Chicago’s appetite for bold development is best captured by megaprojects like The 78 and Lincoln Yards, two of the most ambitious proposals in the city’s modern history. Yet scale alone does not guarantee momentum. Both projects have faced strong market headwinds. Below is an overview of where each project stands.
The 78 is Chicago’s most prominent megadevelopment, planned as a 62-acre, $7 billion neighborhood on the largest undeveloped parcel in the city’s south downtown. Envisioned as the first new Chicago neighborhood in a generation, it is designed as a mixed-use riverfront district.
The project is being developed by Related Midwest, which acquired the long-vacant former rail yard site in 2016 after decades of unrealized proposals. Plans call for housing, retail, cultural venues, seven acres of green space, a five-acre sports park, major transit connectivity, and an open urban campus focused on innovation, education, and entrepreneurship.
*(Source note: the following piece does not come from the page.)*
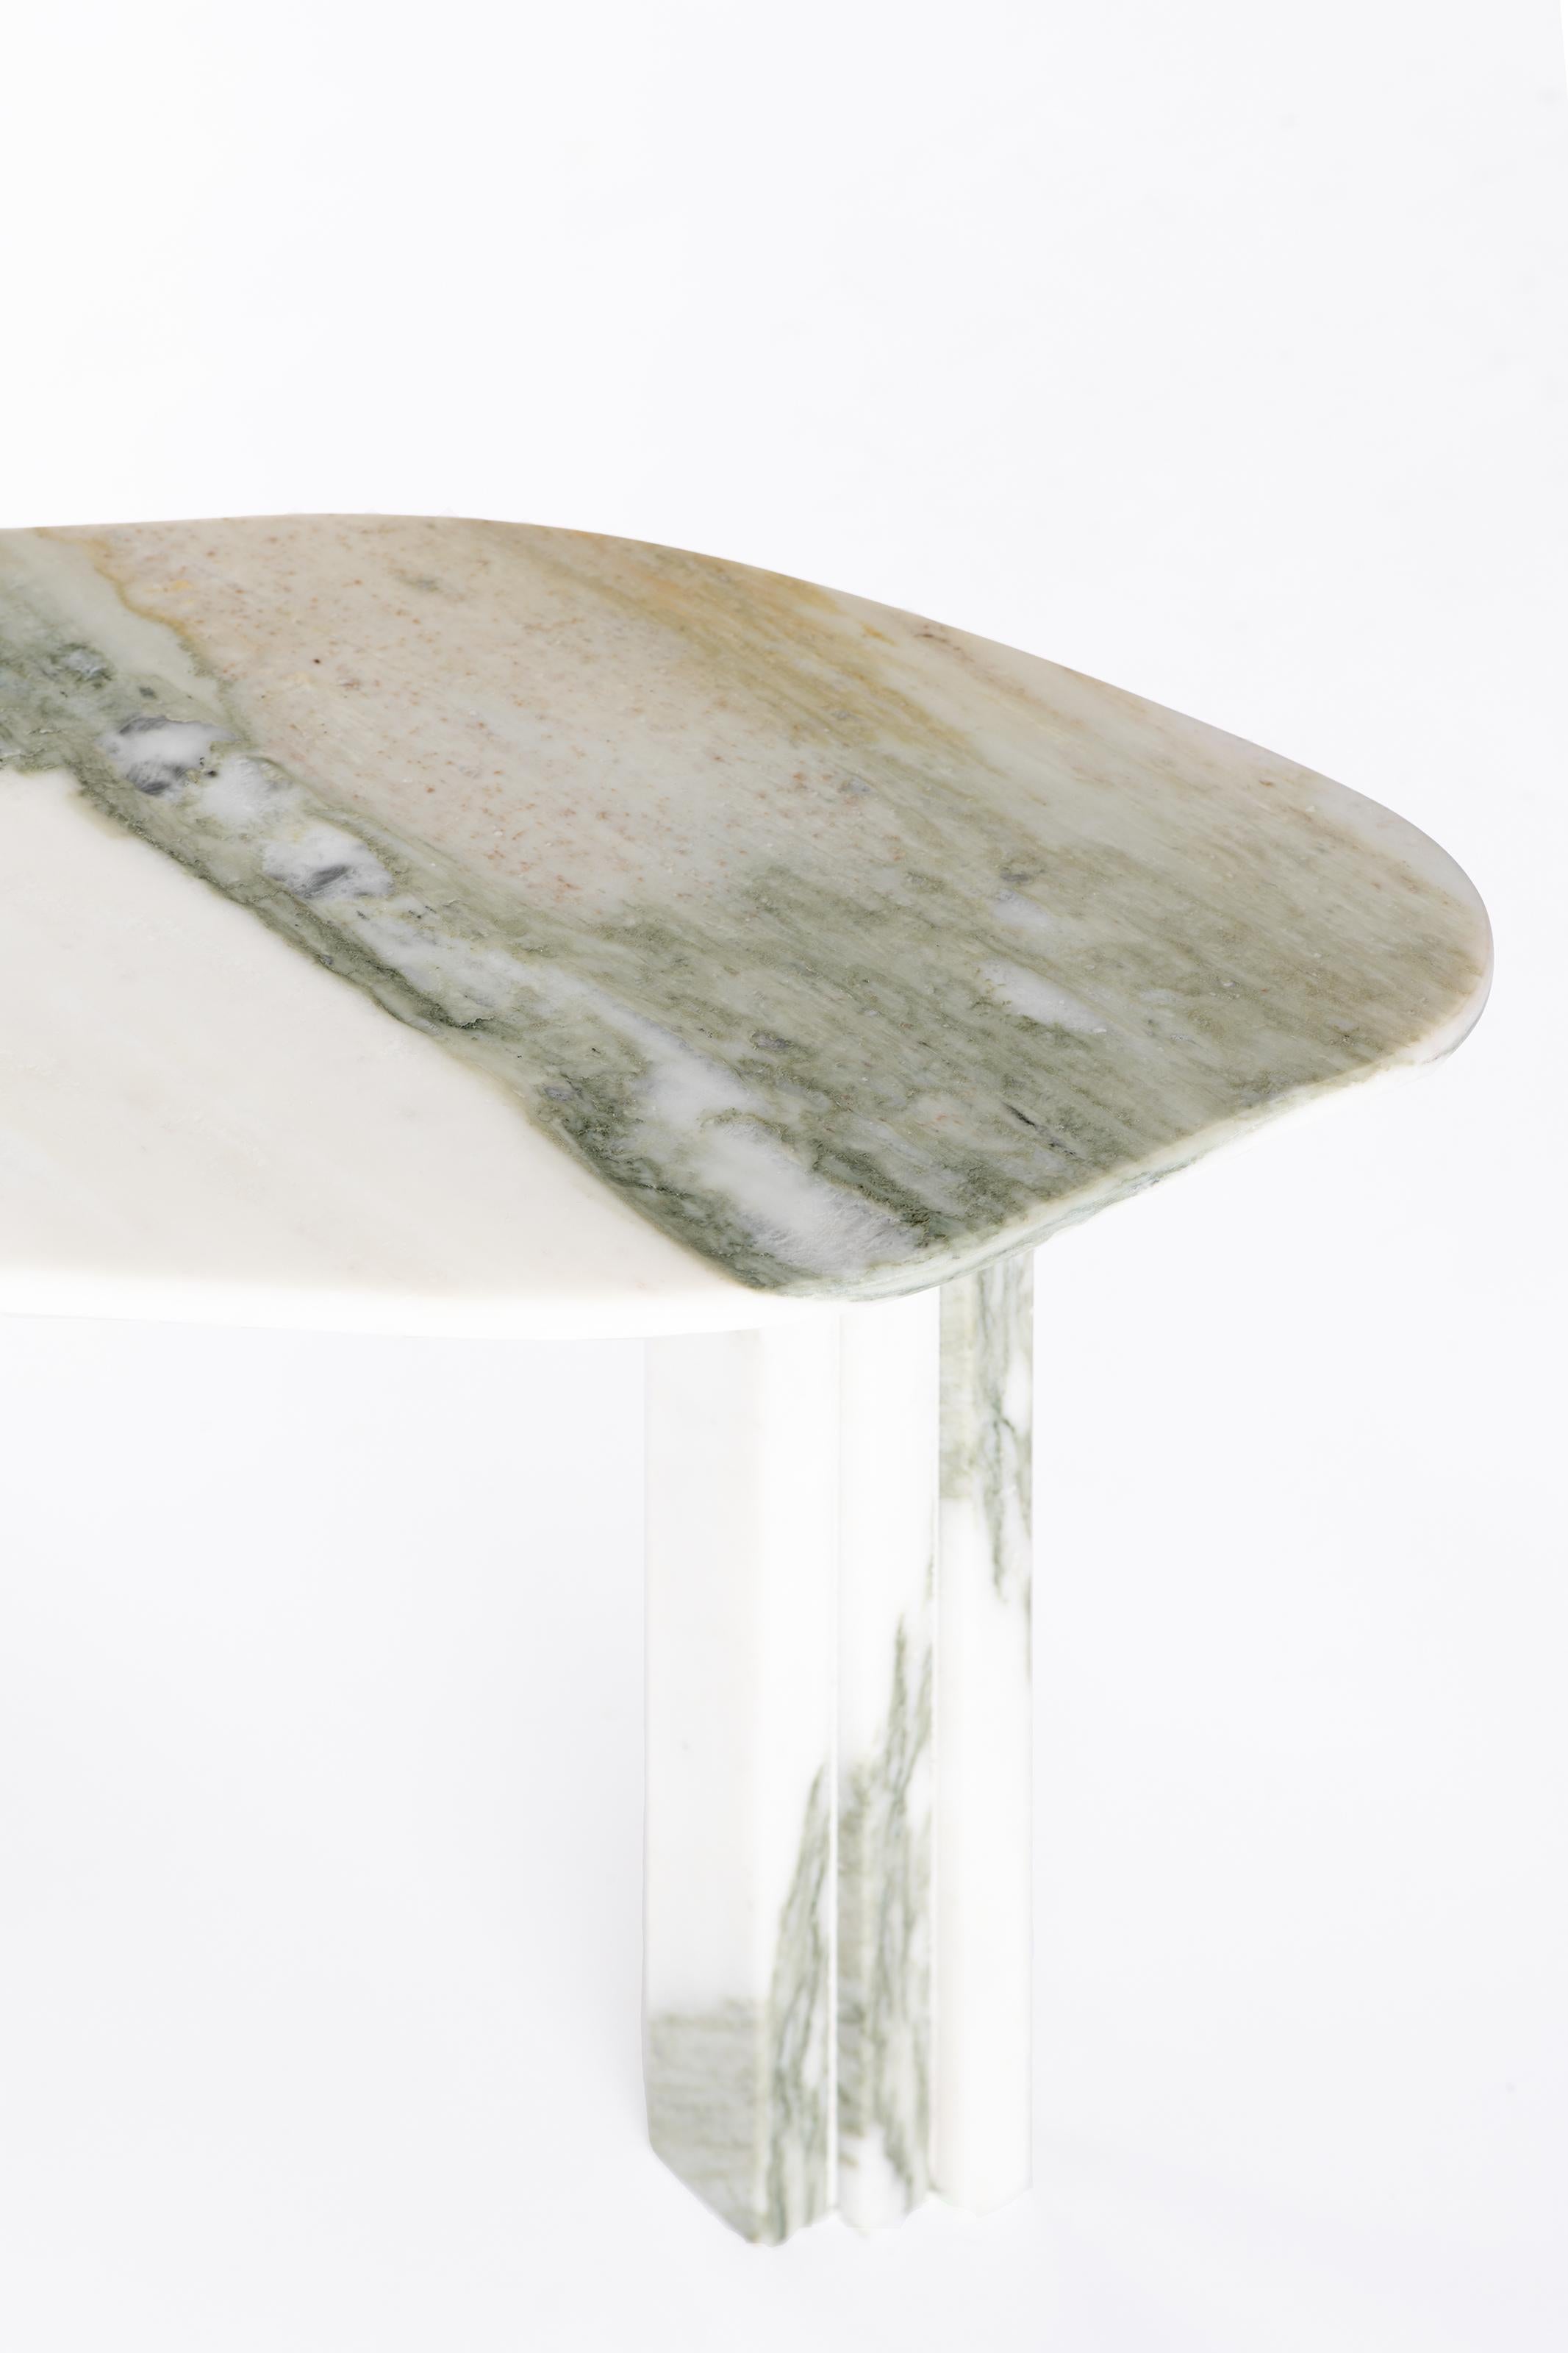 Organic Modern Bicolor Sculptural Marble Table, Lorenzo Bini

Despite the large-scale plans, progress has been uneven. While the project received city approvals and zoning in 2019, most vertical development has yet to materialize. Infrastructure and site preparation work are underway, but no major residential or office towers are complete.
The strongest boost to momentum is the recent announcement of a privately financed, 22,000-seat stadium for Chicago Fire FC, expected to break ground in early 2026 and open in 2028. Even with this catalyst, The 78 remains a long-term, phased development likely to build out through the 2030s.
On Chicago’s North Side, Lincoln Yards was proposed as a $6 billion mixed-use development spanning roughly 53 acres between Lincoln Park and Bucktown. Led by Sterling Bay, the project envisioned up to 14.5 million square feet of high-rise towers, offices, retail, entertainment venues, infrastructure upgrades, and a potential extension of The 606 trail.
Despite receiving City Council approval in 2019, progress proved slow. Pandemic-era market shifts stalled momentum. By 2023, only one building—the Ally life sciences facility—had been completed, and it remained unleased into 2025. Mounting financial pressure led Sterling Bay to surrender the northern portion of the site to its lender in early 2025.
That land is now being redeveloped as Foundry Park, a scaled-down, housing-led neighborhood planned for roughly 2,800 homes, new riverwalks, expanded park space, affordable housing, and an extension of The 606.
The southern portion of Lincoln Yards, meanwhile, is being sold by Sterling Bay and J.P. Morgan Asset Management to Novak Construction, which has not yet released detailed redevelopment plans.